Many of the clients I was meeting were like my parents. They were smart, professionally successful, busy people who loved their families and had solid incomes. They should have been able to afford the lifestyles they wanted with enough money to spare to help their kids with college and save for retirement. The problem was that like my parents, most of my clients were making financial decisions reactively instead of proactively. They were doing the best they could with conventional wisdom around money, but they didn’t have any professional help and it was costing them money big time in the form of interest, premiums for the wrong kinds of insurance, overpayment of taxes, and fees. Their money was slipping through their fingertips in many areas and making tweaks would have meant the difference between trying to staying above water and financial security.
I started realizing that my clients were more like customers. I was trying to do comprehensive planning, but I was getting paid to sell products and manage investments. There was a conflict of interest.
Many advisors I’d networked with talked about focusing on wealth management as an alternative model that would seek to minimize conflicts of interest. Instead of receiving commissions that varied based on products, I’d receive a percentage of a client’s investments. Doing a mental run-through of my favorite clients, I quickly realized this wasn’t a good fit for me. In order for me to be profitable and stay in business on that model, I’d have to make sure I only took on clients with $250,000 or more to invest with me. Many of my clients didn’t have that kind of money outside of their 401(k)s if at all and would likely never get there without some strategic financial guidance.
I developed my fee-based pricing scheduled to level the playing field. My annual fee includes a flat fee for planning, rather than solely based on assets under management. For those clients that implement investments through Peterkin Financial, we apply the asset-based fees paid by the Client to Peterkin Financial to the overall annual fee. I enjoy working with clients on a comprehensive plan for their money that looks at cash flow, risk management, investments, tax planning, retirement planning, and estate planning in addition to other specialized areas of business and personal planning; while also integrating other advisors for help with making changes to an existing plan. As a CFP, I act with a fiduciary standard of care which means I’m obligated to make recommendations that are in each client’s best interest.

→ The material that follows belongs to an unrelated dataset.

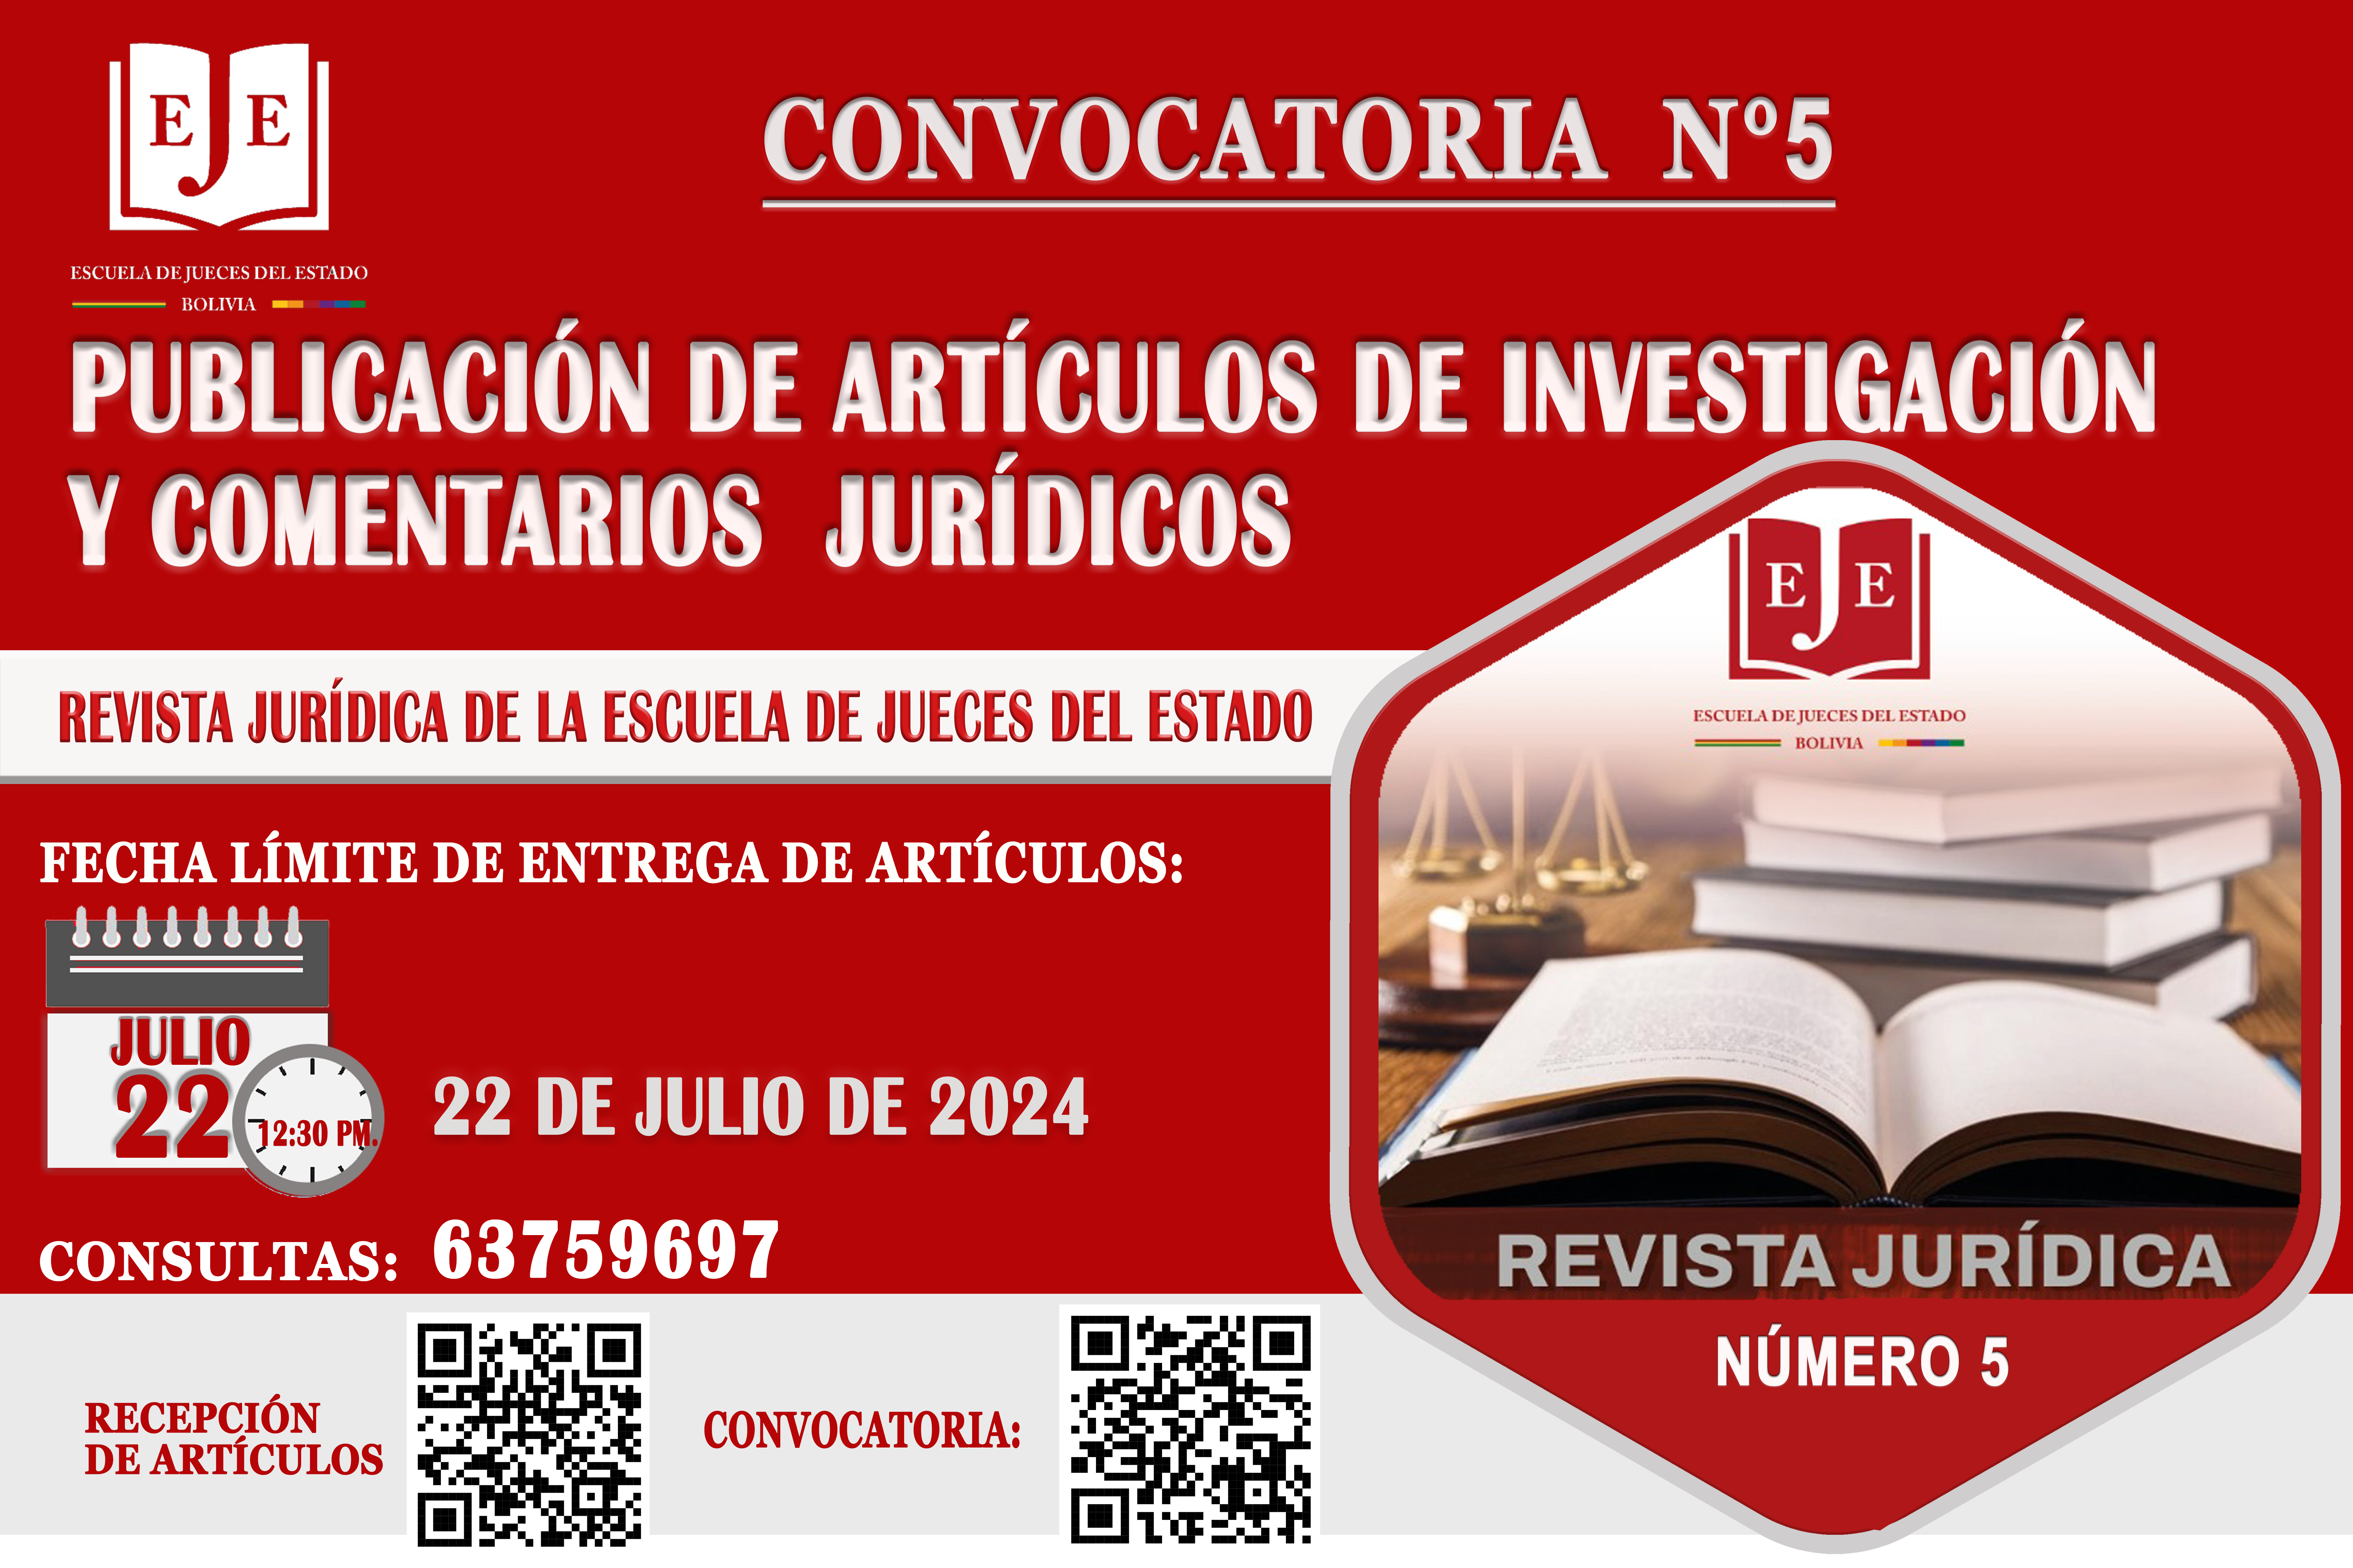 CONVOCATORIA N° 5 - PUBLICACIÓN DE ARTICULOS DE INVESTIGACION Y COMENTARIOS JURÍDICOS

Within this framework, the planning comes first and any products used to implement the plan comes second. That way, whether or not products and investment management are needed in order to carry out the plan, the advice has been paid for, the fees were transparent, and every client is on equal footing in terms of service and attention. This creates a collaborative relationship and ultimately helps clients more effectively make financial progress on their terms.